Bottom-Up vs. Top-Down: False Dichotomy?


We are social workers, and as such we appreciate the importance of assessing and intervening with a client (or community) in context and affirm the value of self-determination.  We help to build individuals’ and communities’ capacities to shape their own future and define their own wellbeing.  It is important to keep these values in mind when practicing in an international context, especially because we are also engaged in historically hurtful power dynamics which we do not wish to perpetuate.  The difficulty of holding to this rule in international settings comes from the incredible cultural, economic, and political differences between the Western social worker/agency and the clients and communities at the grassroots level.  Both parties have resources and wisdom to contribute to intervention strategies; the trick is to find the right balance between both. 

And this is where most development efforts have gone horribly awry in implementation.  Foreign-led organizations and institutions may not engage in a detailed power analysis of community-level social norms, economic systems, and political processes.  The imposition of a Western framework (like a free market) onto a society which already has a functioning system of economic transactions is like mixing oil and water—one will not penetrate the other and instead of a fully integrated solution, you get a gloppy mix.  The target society of the intervention gets caught in between the traditional and novel system, which both break down as actors try to navigate both at the same time.  This is generally why “top-down” interventions don’t work, or don’t work as well as they should.

Recently, there has been more recognition that these “bottom-up” interventions are preferable for international community development and broad interventions for social issues.  Indigenous NGOs have become powerful actors in development, and tailored interventions for specific communities and populations have become more popular areas of Western donors to place their dollars.  However, NGOs and grassroots initiatives have severe limitations; it is impossible for these actors—even in coalition with others—to affect big projects that require significant financial and technological investment (e.g., national education or health policies).

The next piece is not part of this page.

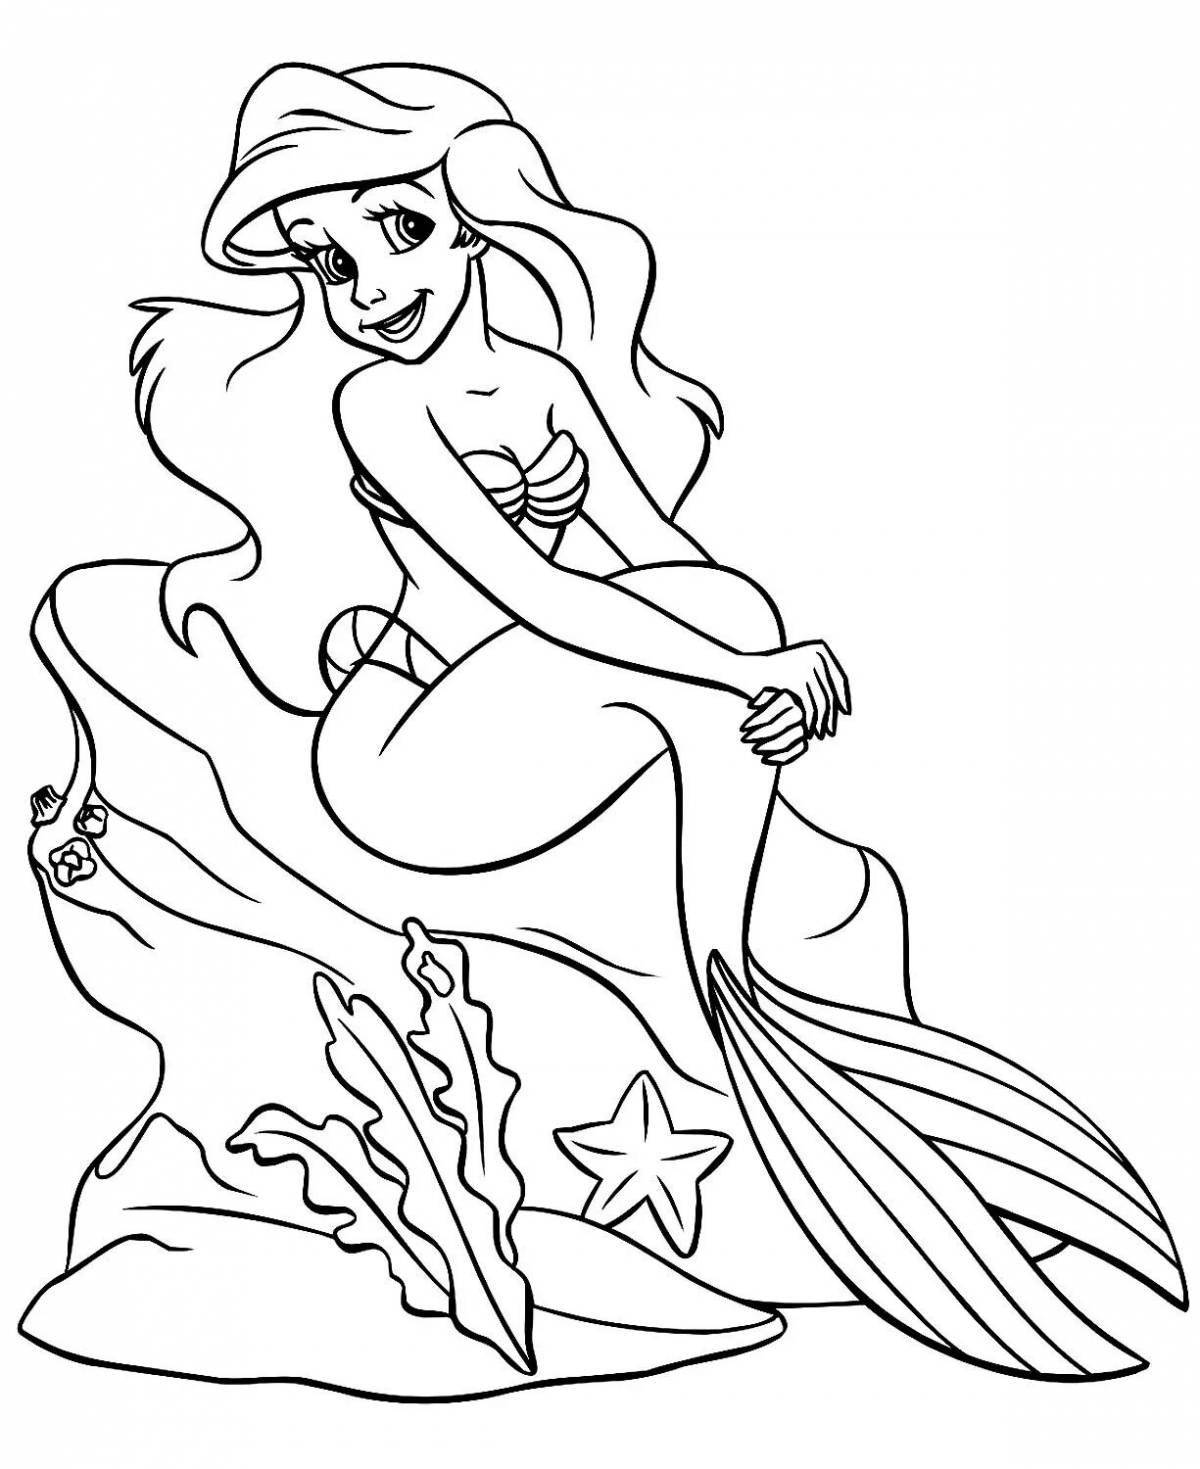 Joyful mermaid coloring book for children 4-5 years old

The debate in classrooms and on the ground focuses on the battle between Top-Down and Bottom-Up models of intervention, for which a truce seems to have been authored:  Top-down intervention (led by foreign governments or global institutions like the World Bank) are effective for broad-based change requiring large amounts of resources while Bottom-up intervention (like microfinance strategies) work best at the individual and community level for improving people’s immediate well-being.  Thus, foreign actors maintain control of macro-level structural adjustment and indigenous actors are able to effect change at the local level.  This is not a win-win situation.  This leads to a stratified society in which people are not given the opportunity to contribute to nation building and foreign institutions continue to enjoy the power imbalance that started with colonialism.  Our job as social workers is to affirm the contributions of both models of intervention and development and to call out their respective weaknesses.  Perhaps then we can find the proper balance that will affirm  individuals’, communities’, and states’ rights to self-determination while also ensuring the well-being of all involved.